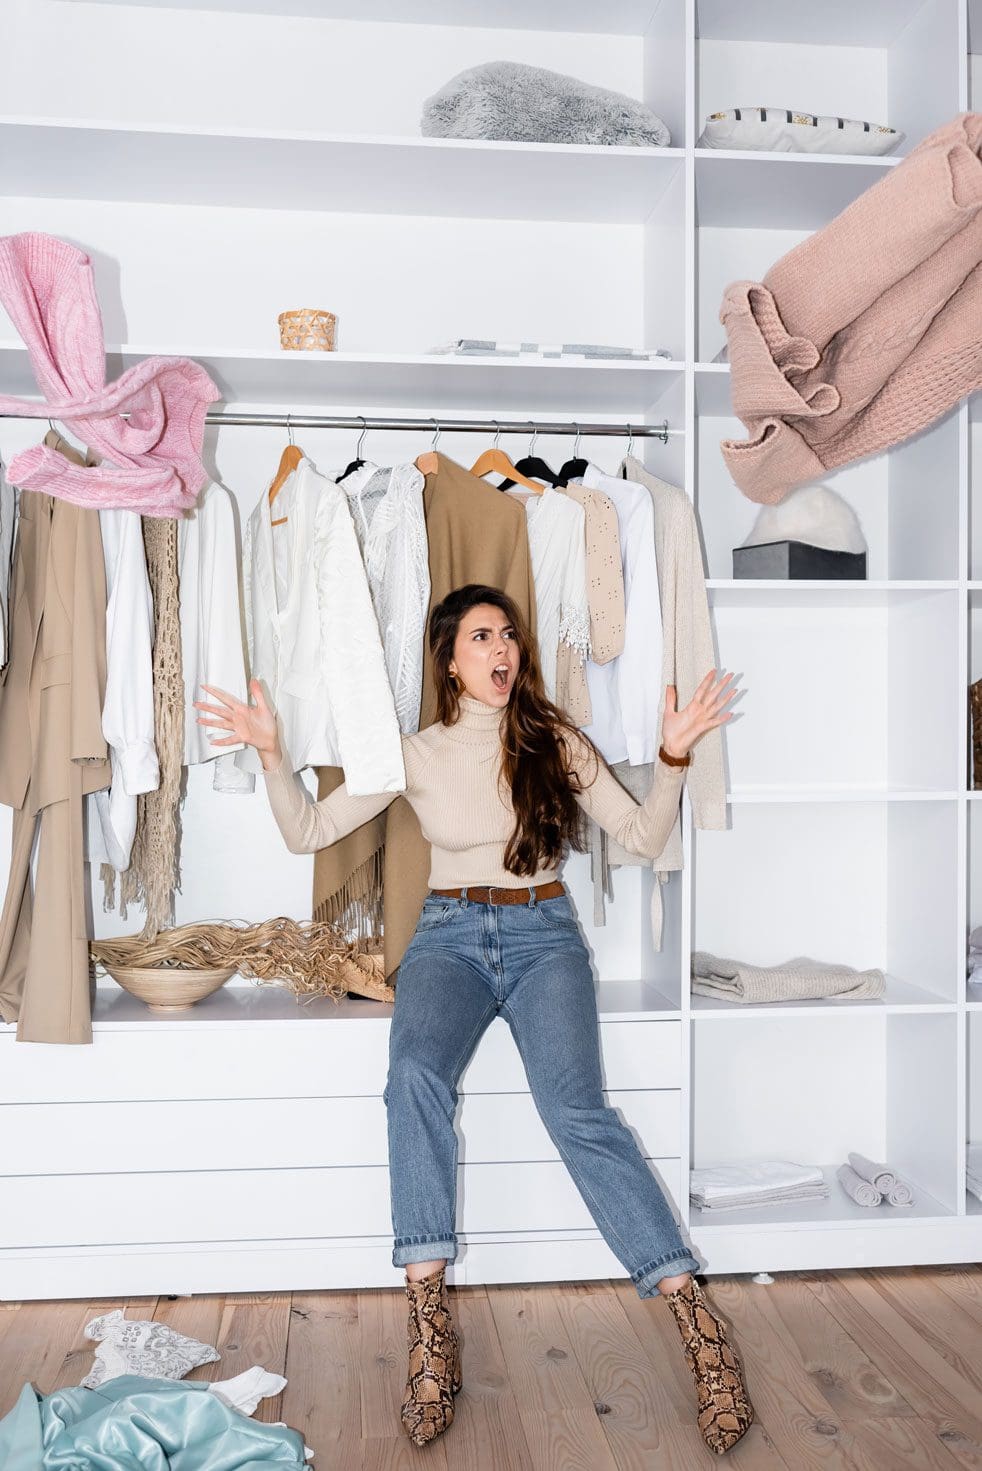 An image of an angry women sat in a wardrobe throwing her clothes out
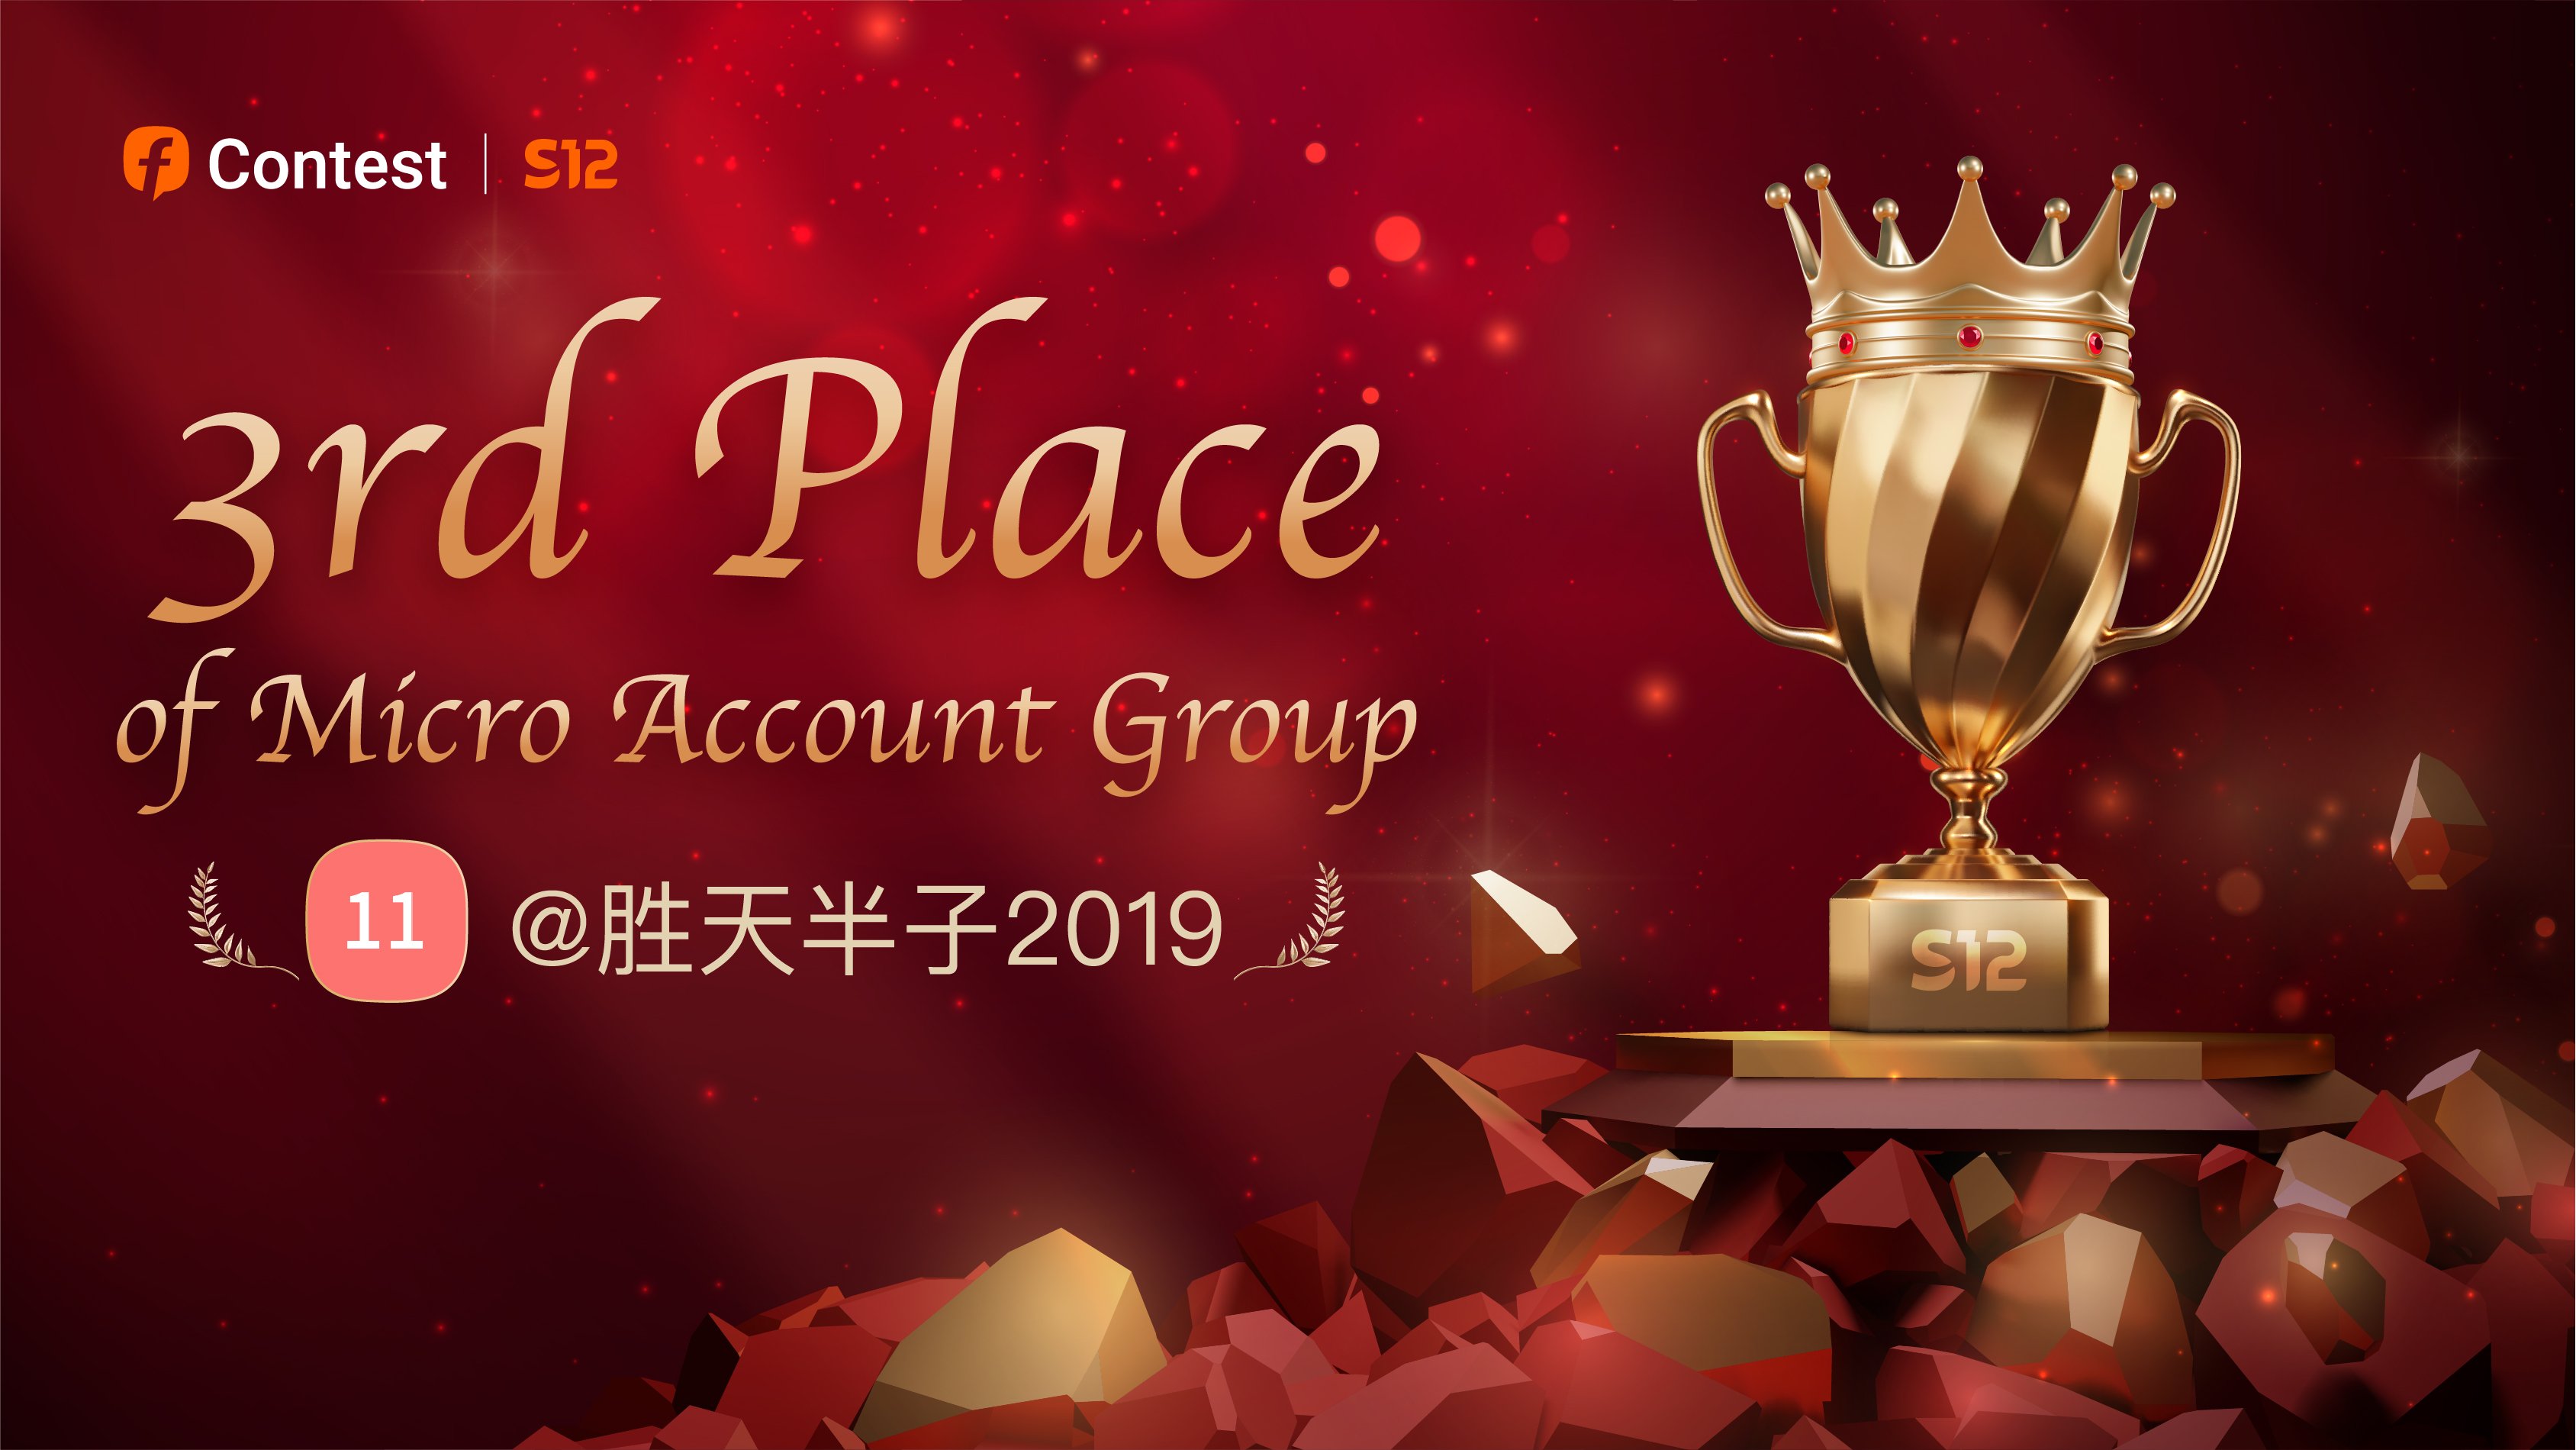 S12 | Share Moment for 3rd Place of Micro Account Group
★ ★ ★ ★
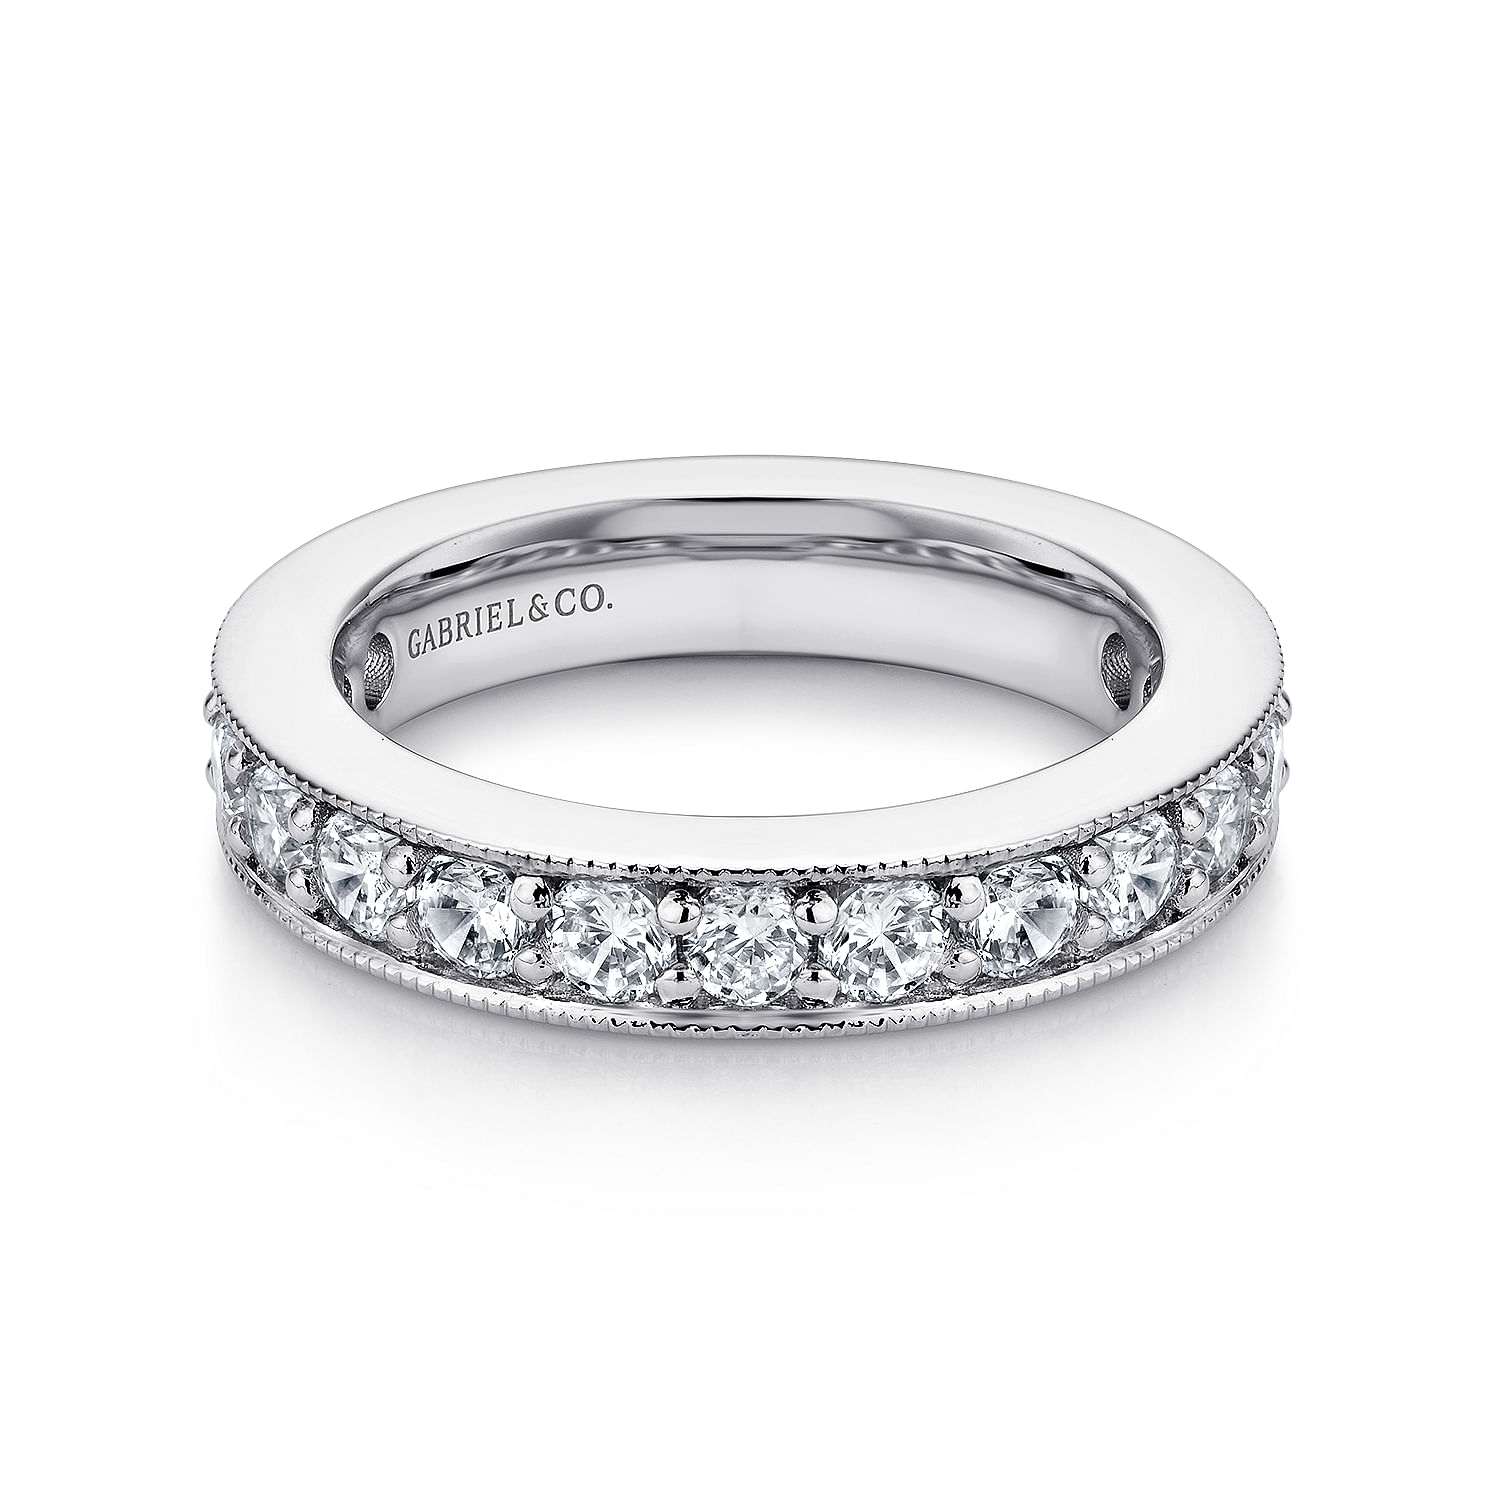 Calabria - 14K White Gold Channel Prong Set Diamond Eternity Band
★ ★ ★ ★
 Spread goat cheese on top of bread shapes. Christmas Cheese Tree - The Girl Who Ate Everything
★ ★ ★ ★
◆ Exercise ◆
Print from the line containing "An image of" through the line containing "S12 | Share" in the data above, exactly as the lines stand, and omit every picture.

◆ Response area ◆
 An image of an angry women sat in a wardrobe throwing her clothes out
 S12 | Share Moment for 3rd Place of Micro Account Group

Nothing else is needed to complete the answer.